**What is expected:** Copy down every line of the data that follows exactly. Omit the pictures.

**Input data:**
[Start of Attachment]

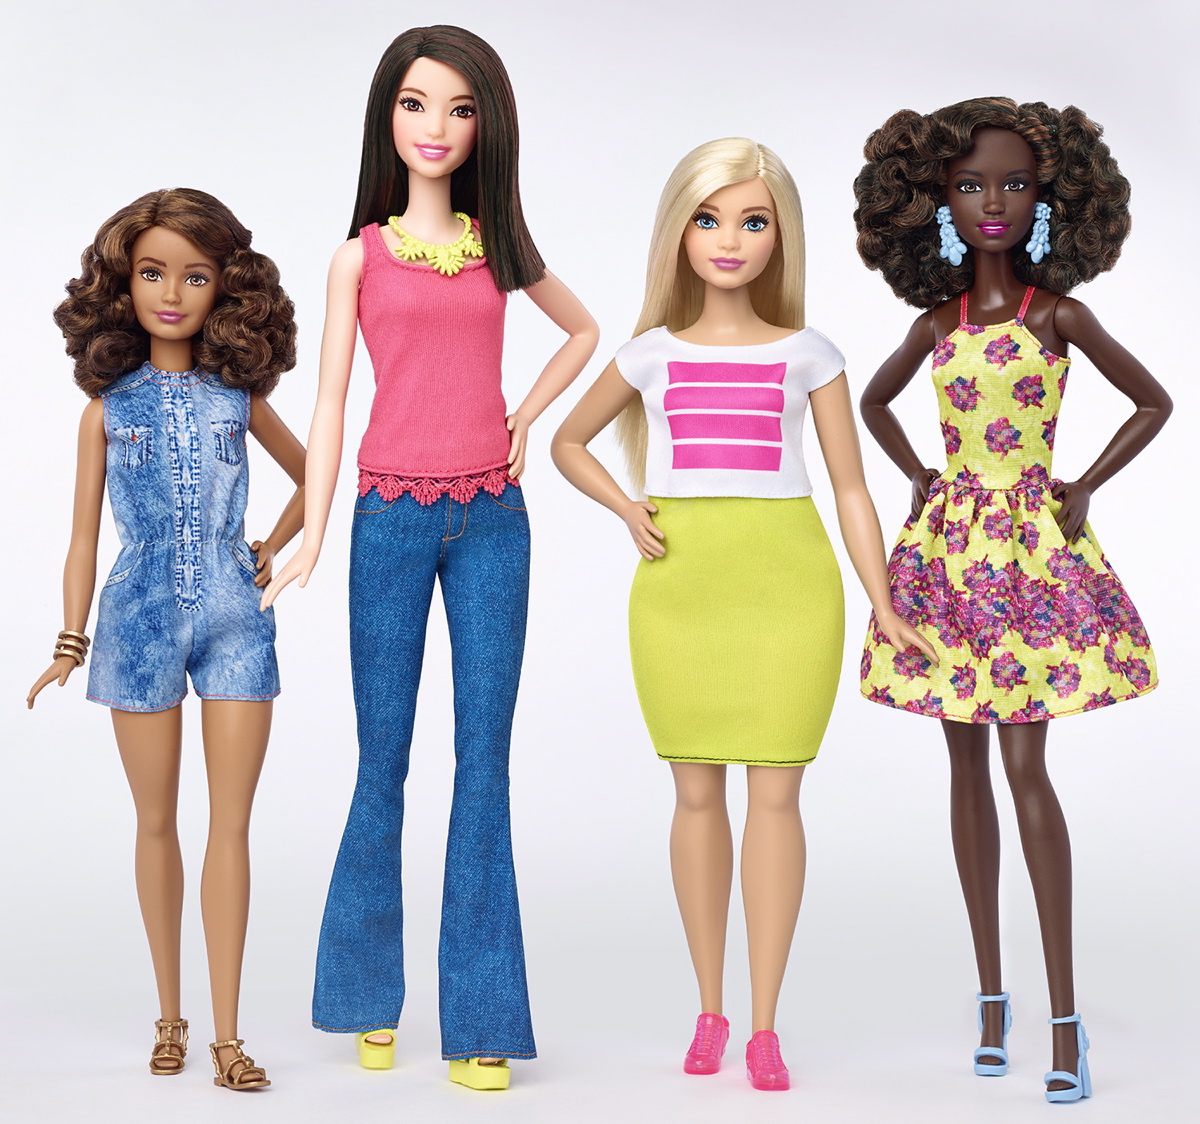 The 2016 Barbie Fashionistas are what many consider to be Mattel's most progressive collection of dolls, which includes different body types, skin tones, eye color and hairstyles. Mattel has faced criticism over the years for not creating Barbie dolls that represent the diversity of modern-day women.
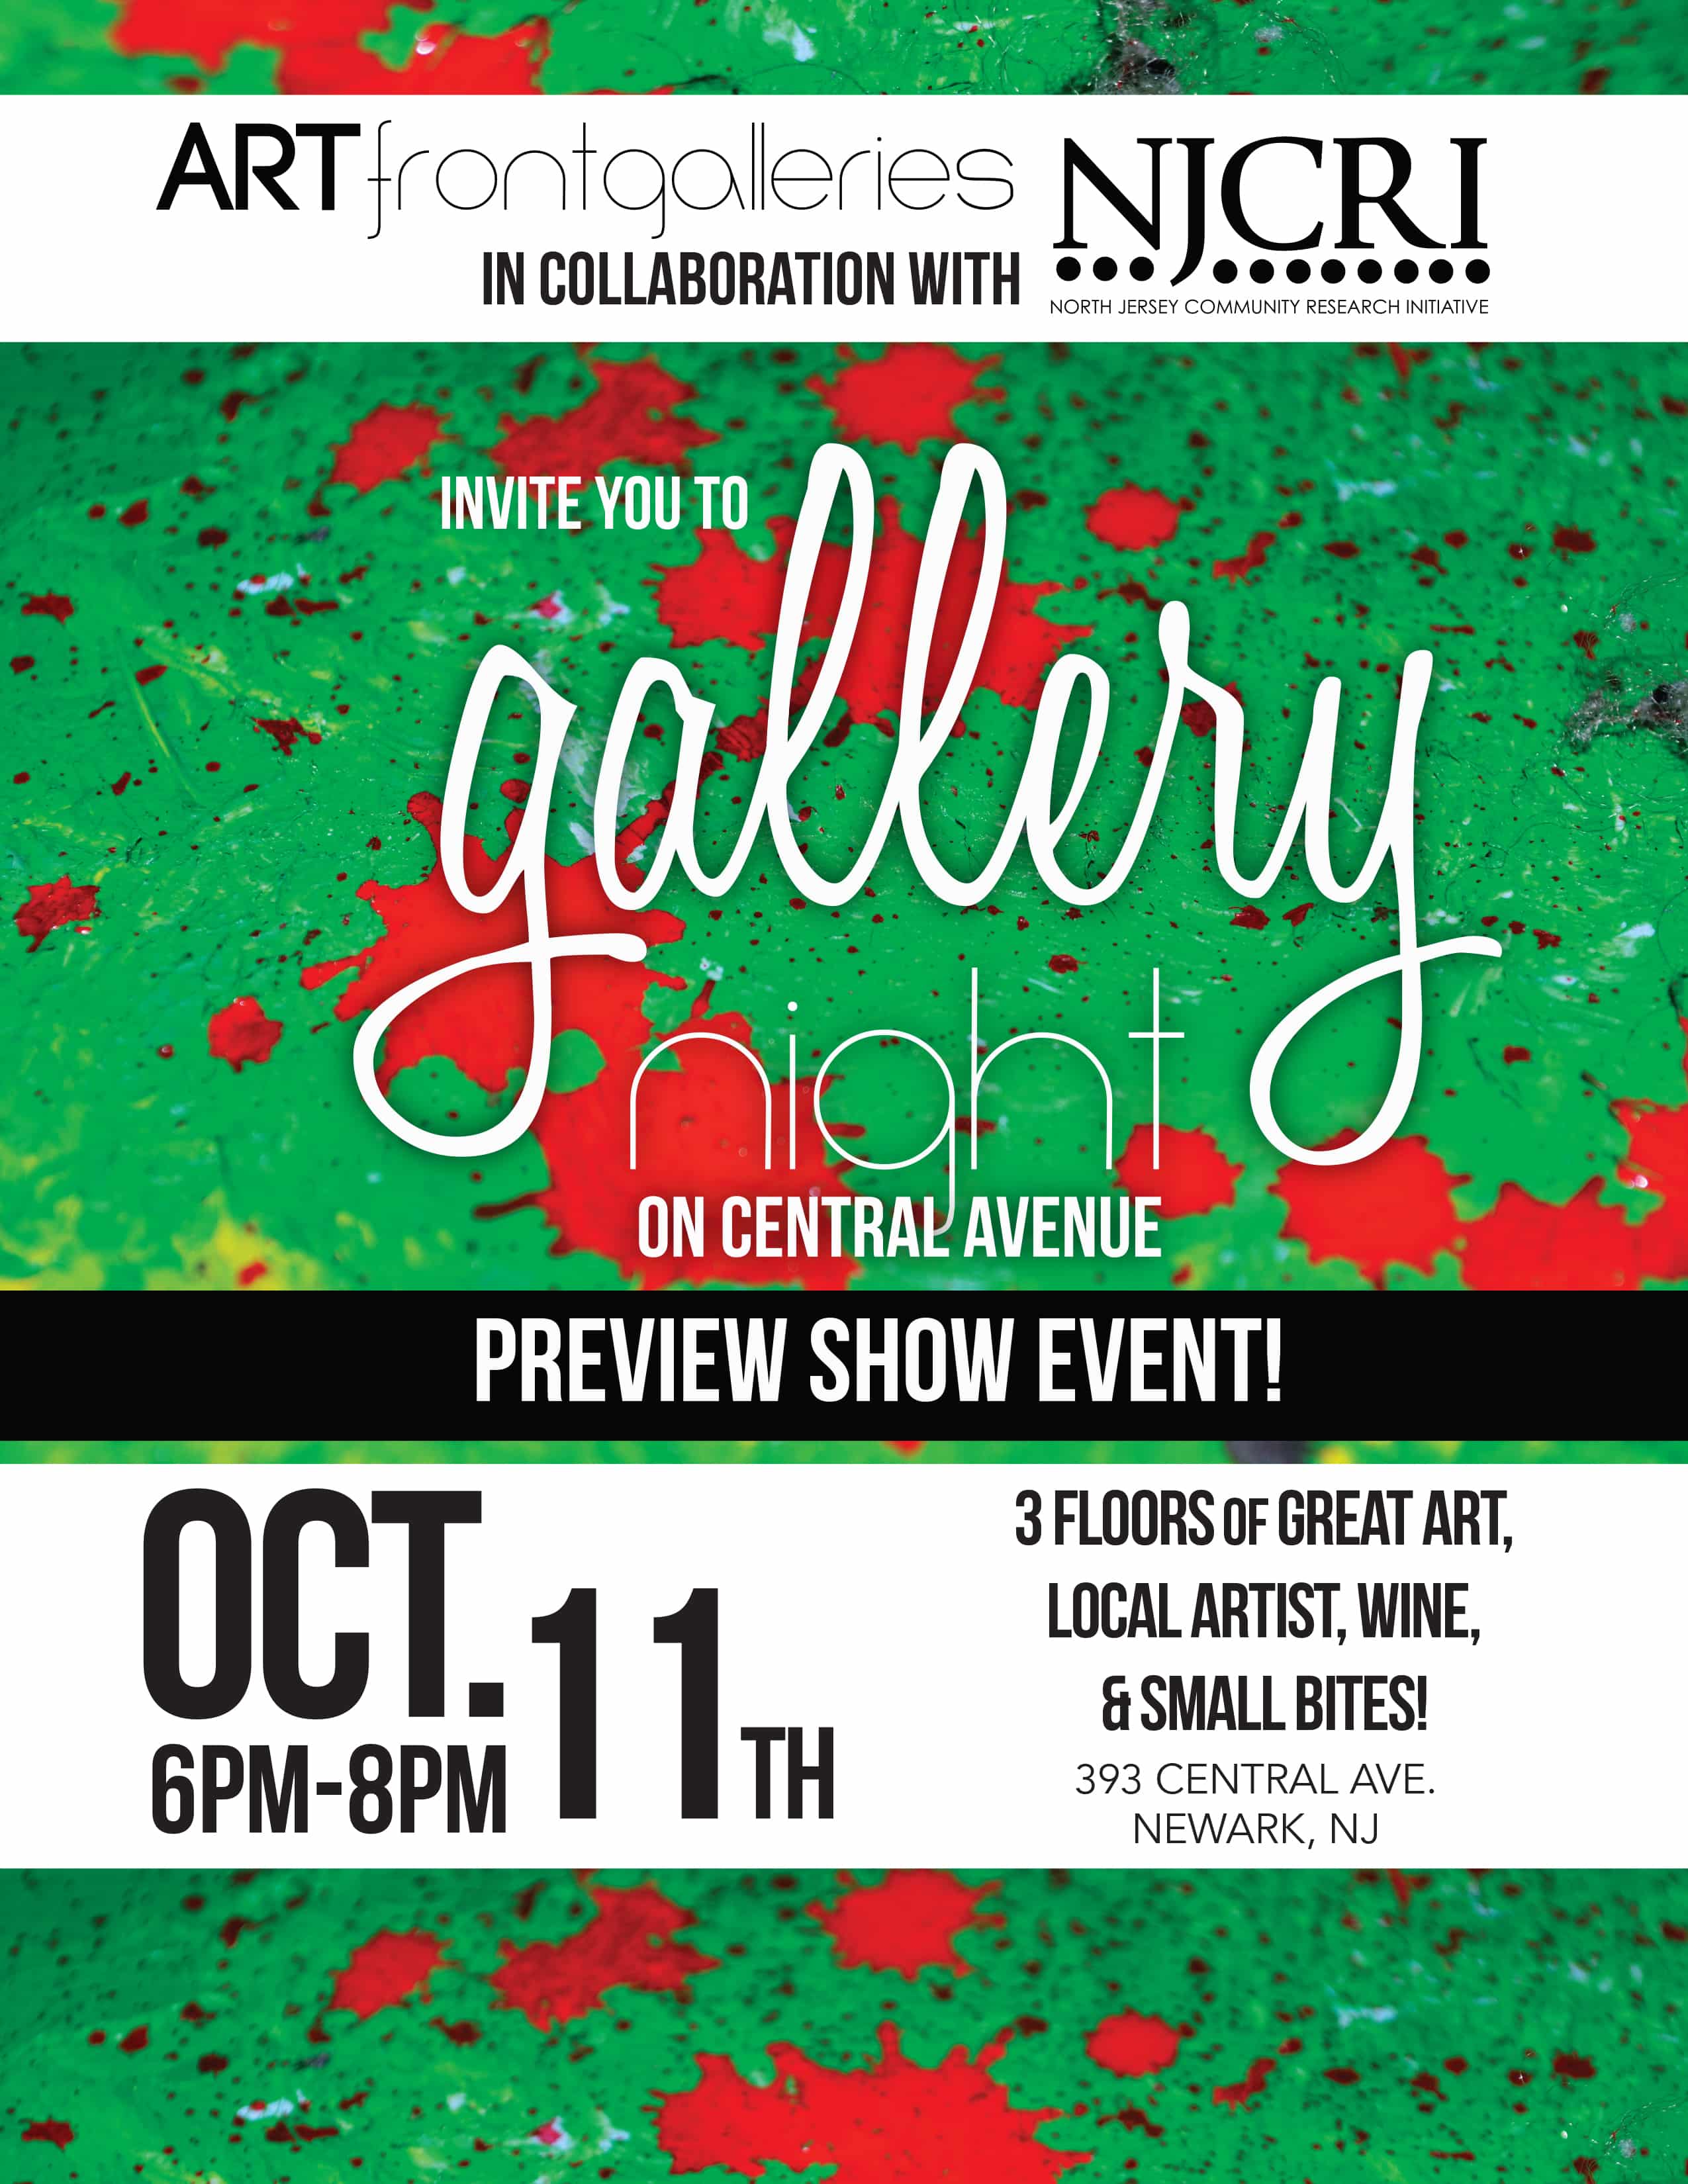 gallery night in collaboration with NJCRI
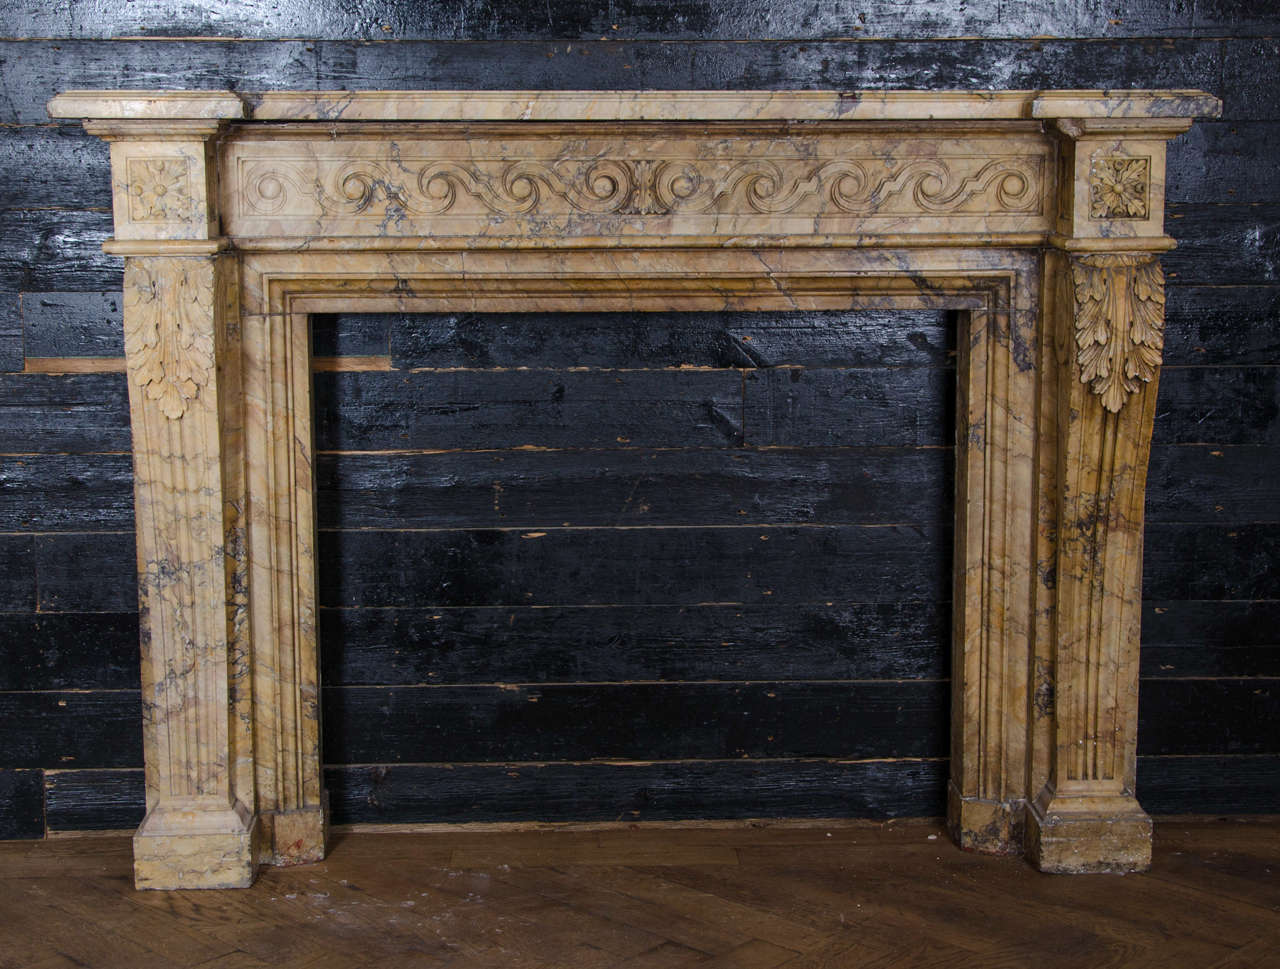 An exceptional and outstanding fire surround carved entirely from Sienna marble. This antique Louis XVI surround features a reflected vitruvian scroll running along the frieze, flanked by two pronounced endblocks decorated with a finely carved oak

[End of Attachment]

**Solution:**
 The 2016 Barbie Fashionistas are what many consider to be Mattel's most progressive collection of dolls, which includes different body types, skin tones, eye color and hairstyles. Mattel has faced criticism over the years for not creating Barbie dolls that represent the diversity of modern-day women.
 gallery night in collaboration with NJCRI
 An exceptional and outstanding fire surround carved entirely from Sienna marble. This antique Louis XVI surround features a reflected vitruvian scroll running along the frieze, flanked by two pronounced endblocks decorated with a finely carved oak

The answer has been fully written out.